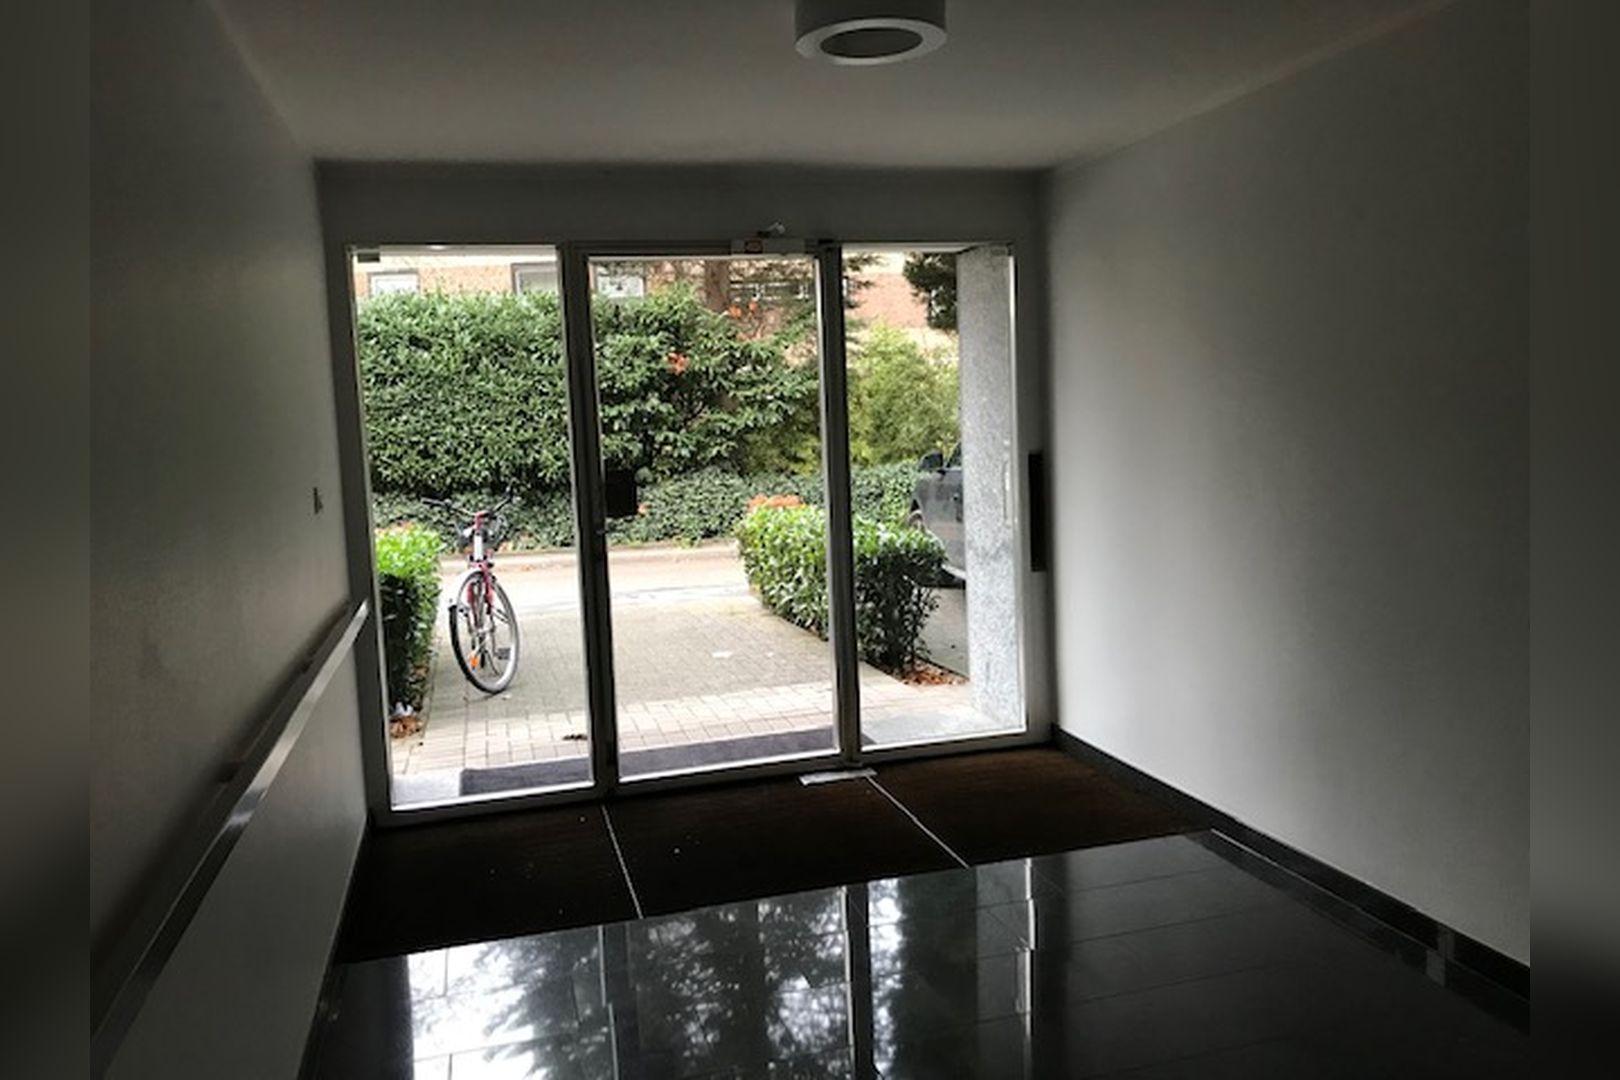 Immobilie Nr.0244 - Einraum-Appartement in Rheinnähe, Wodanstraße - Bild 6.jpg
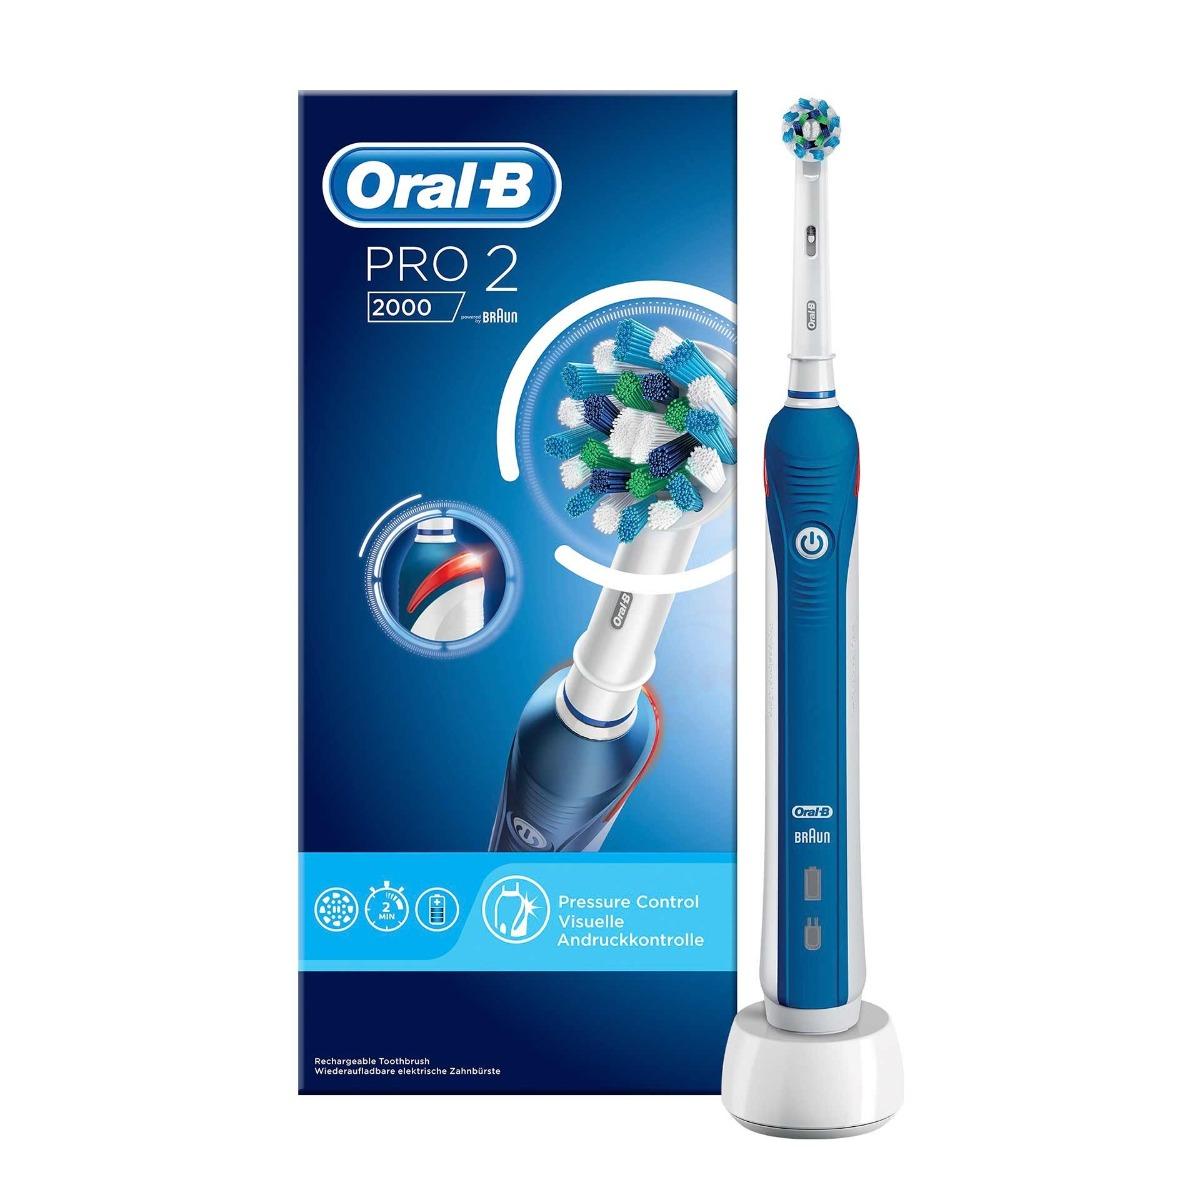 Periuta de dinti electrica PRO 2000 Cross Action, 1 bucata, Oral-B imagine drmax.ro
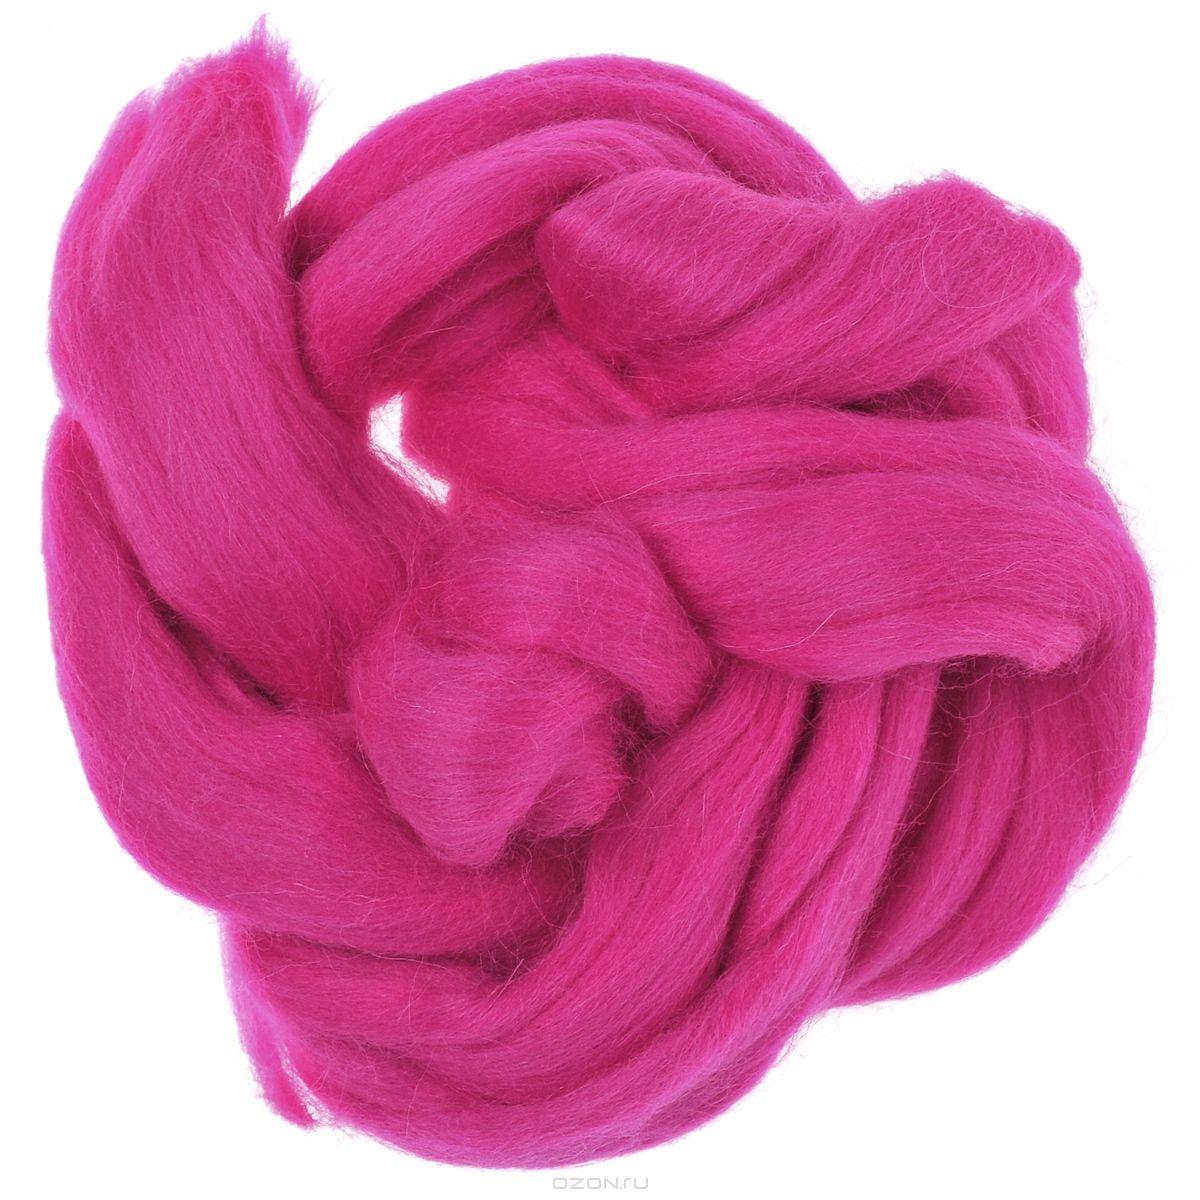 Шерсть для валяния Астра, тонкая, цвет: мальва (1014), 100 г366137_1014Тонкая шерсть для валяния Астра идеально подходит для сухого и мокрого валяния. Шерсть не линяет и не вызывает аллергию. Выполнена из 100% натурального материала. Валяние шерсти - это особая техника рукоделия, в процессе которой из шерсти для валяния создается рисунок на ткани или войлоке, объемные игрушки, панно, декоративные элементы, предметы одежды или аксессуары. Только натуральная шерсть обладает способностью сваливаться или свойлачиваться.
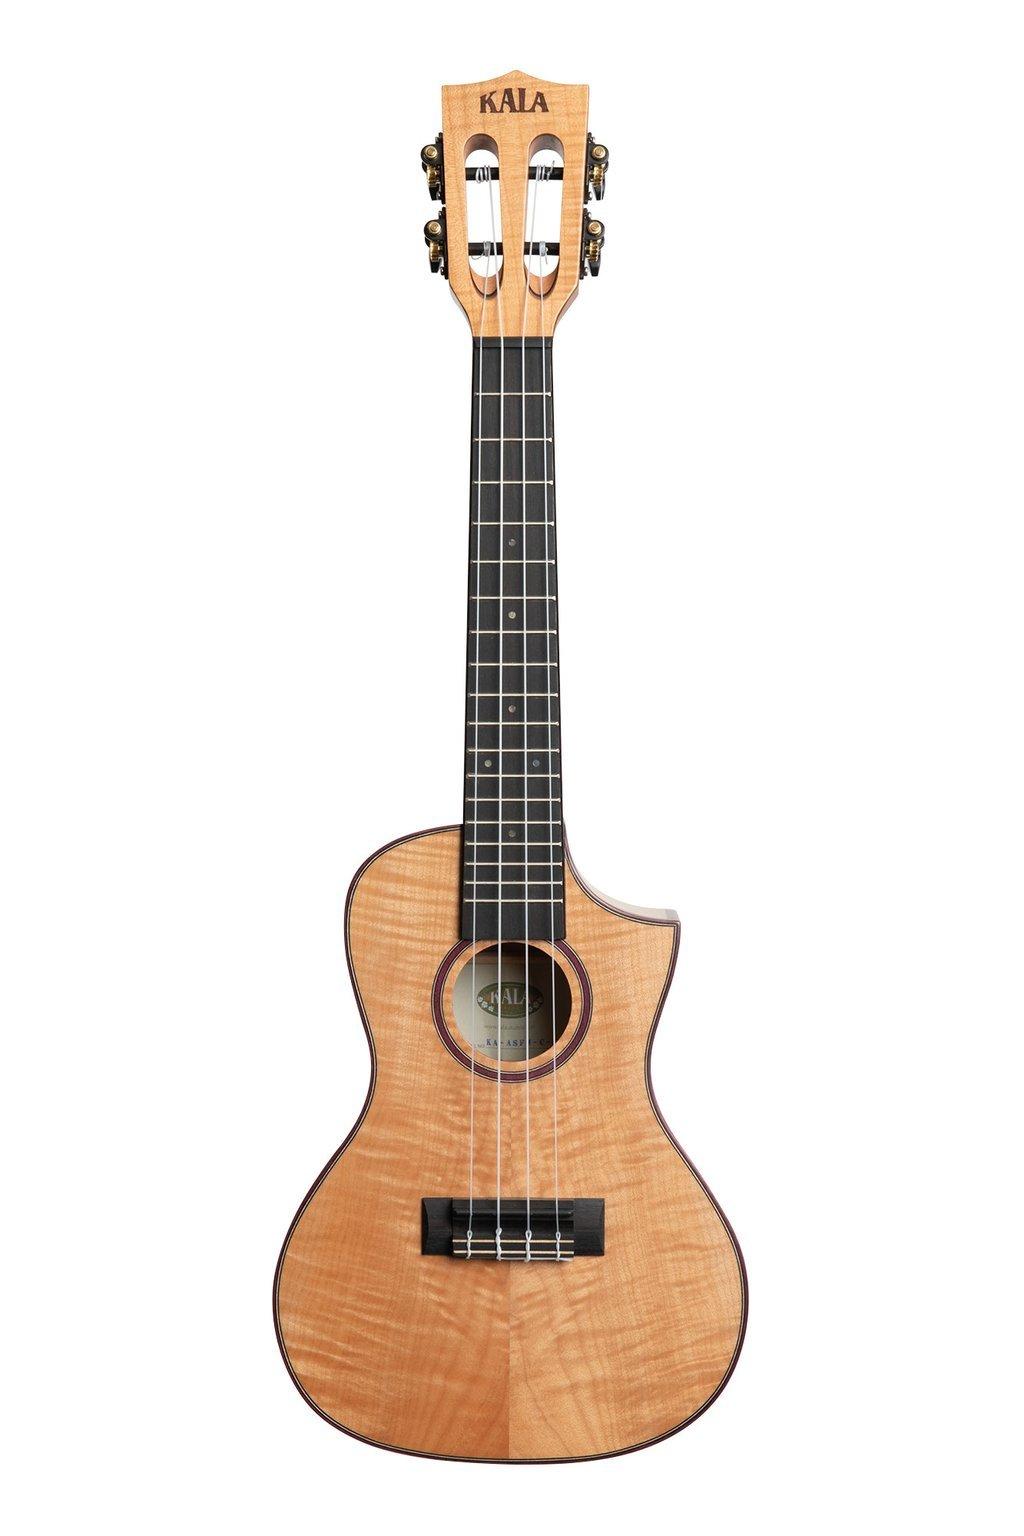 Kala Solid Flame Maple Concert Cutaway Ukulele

# [Activity]
Print the listing exactly, minus its pictures.

# [Solution below]
 Immobilie Nr.0244 - Einraum-Appartement in Rheinnähe, Wodanstraße - Bild 6.jpg
 Periuta de dinti electrica PRO 2000 Cross Action, 1 bucata, Oral-B imagine drmax.ro
 Шерсть для валяния Астра, тонкая, цвет: мальва (1014), 100 г366137_1014Тонкая шерсть для валяния Астра идеально подходит для сухого и мокрого валяния. Шерсть не линяет и не вызывает аллергию. Выполнена из 100% натурального материала. Валяние шерсти - это особая техника рукоделия, в процессе которой из шерсти для валяния создается рисунок на ткани или войлоке, объемные игрушки, панно, декоративные элементы, предметы одежды или аксессуары. Только натуральная шерсть обладает способностью сваливаться или свойлачиваться.
 Kala Solid Flame Maple Concert Cutaway Ukulele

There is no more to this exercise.